S J Gandy, PhD1,2, A D Brett, PhD3, P A Dieppe, MD, FRCP4, M C Keen, PhD1, R A Maciewicz, PhD5, C J Taylor, PhD3, J C Waterton, PhD6 and I Watt, MD, FRCR7

1 Department of Medical Physics & Bioengineering, Bristol General Hospital, Guinea Street, Bristol BS1 6SY, 2 Rheumatology Unit, University of Bristol Division of Medicine, Bristol Royal Infirmary, Bristol BS2 8HW, 3 Division of Imaging Sciences and Biomedical Imaging, University of Manchester, Stopford Building, Oxford Road, Manchester M13 9PT, 4 MRC Health Services Research, Canynge Hall, Whiteladies Road, Bristol BS8 2PR, 5 Respiratory and Inflammation Research, 6 Enabling Science Technology and Information, AstraZeneca, Alderley Park, Macclesfield, Cheshire SK10 4TG and 7 Department of Clinical Radiology, Bristol Royal Infirmary, Bristol BS2 8HW, UK

MRI is a valuable imaging modality for assessment of the articular cartilage in rheumatoid arthritis (RA) and is potentially of use in monitoring disease progression and response to therapy. In this study, we investigated the sources of error in volume measurements obtained by segmentation of MR images of knee cartilage in patients with RA and followed cartilage volume in a group of RA patients for 12 months. 23 RA patient volunteers were recruited for knee imaging.

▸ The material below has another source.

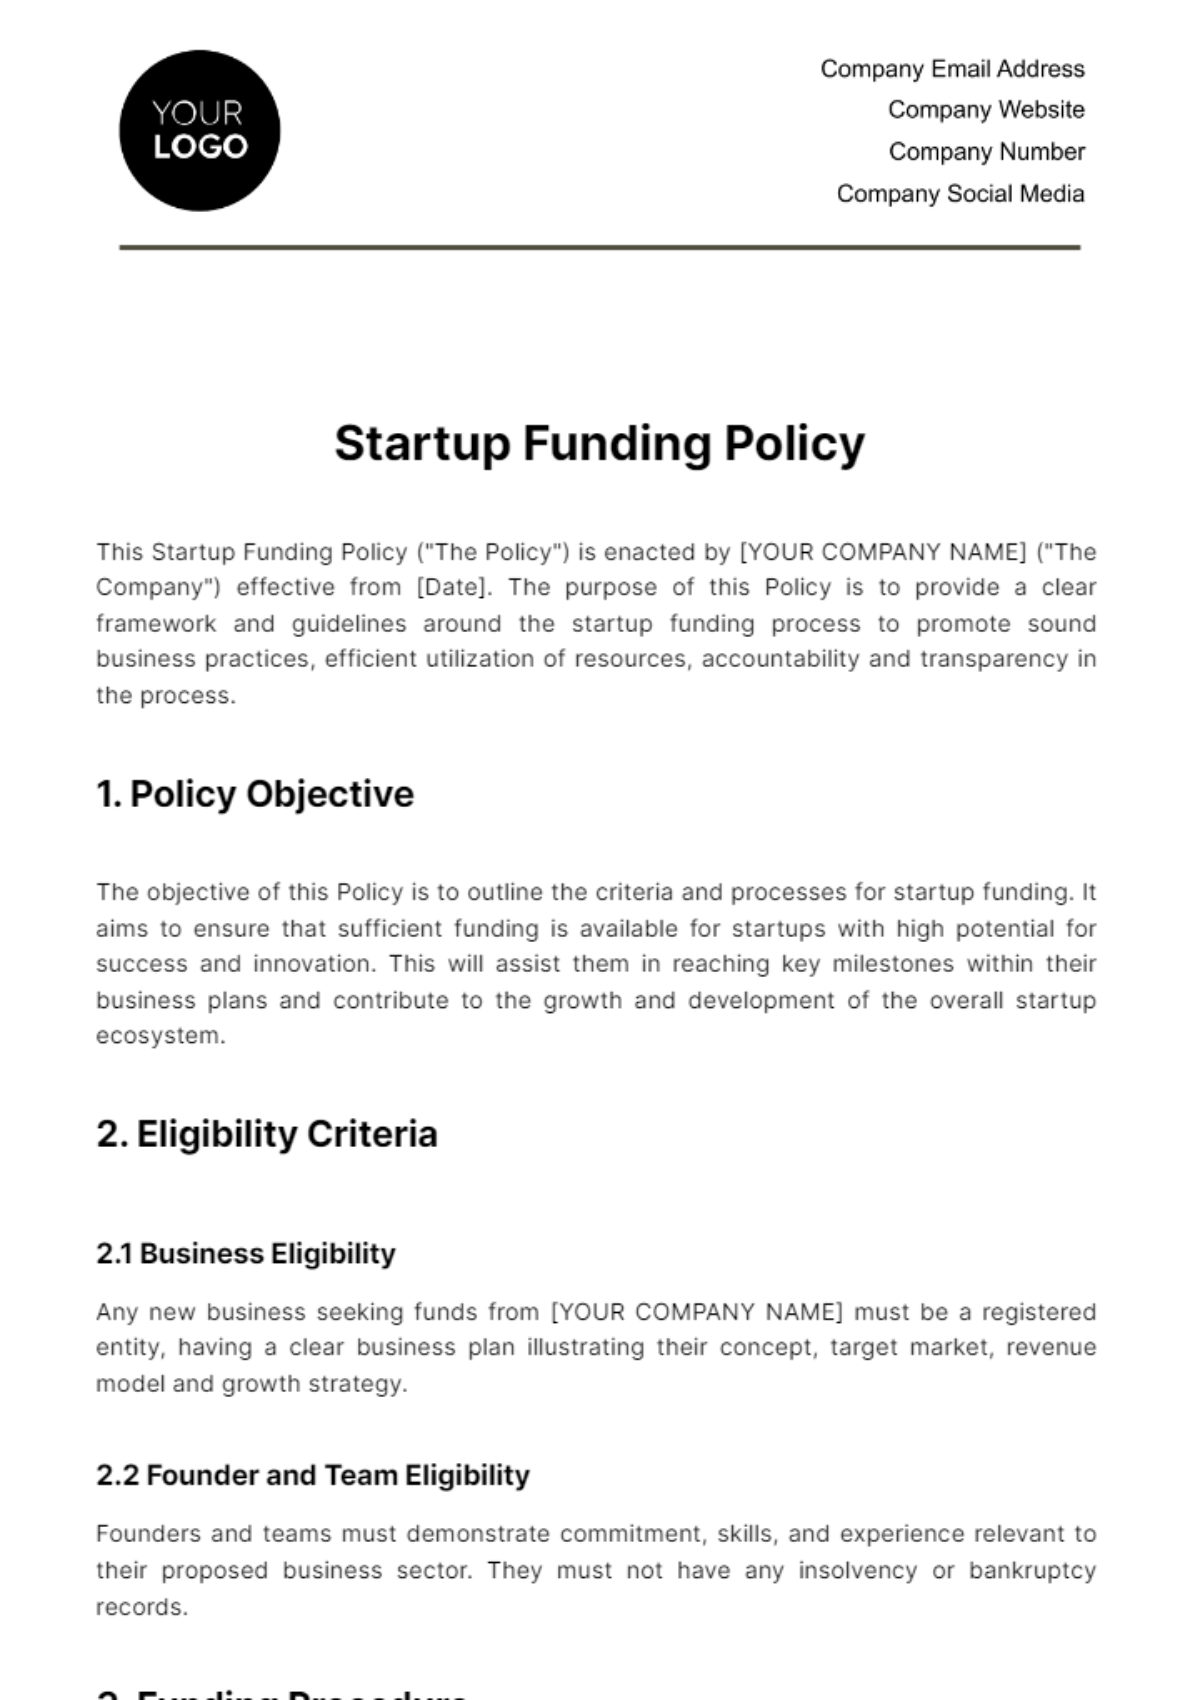 Startup Funding Policy Template

Six subjects were imaged at baseline only, six were imaged at baseline and again within an hour in the same imaging session, six subjects were imaged at baseline and 7 days, and 17 subjects were imaged at baseline, 4±2 months and 12 months. Imaging was performed at 1.0 T using a three-dimensional spoiled gradient-echo sequence with fat-suppression. Manual image segmentation was performed once or twice on the lateral tibial, medial tibial, patellar and femoral compartment by either one or two segmenters. Coefficients of variation (CoV) for repeated volume measurement of total cartilage were 2.2% (same segmenter, same scan), 5.2% (different segmenter, same scan), 4.9% (same segmenter, different scan, same session), and 4.4% (same segmenter, different scan, different session). Over the 12 month duration of the study there was no significant change in total cartilage volume, nor were there significant changes in volume in any individual compartment. This measurement technique is reproducible, but any net change in cartilage volume over 1 year is very small.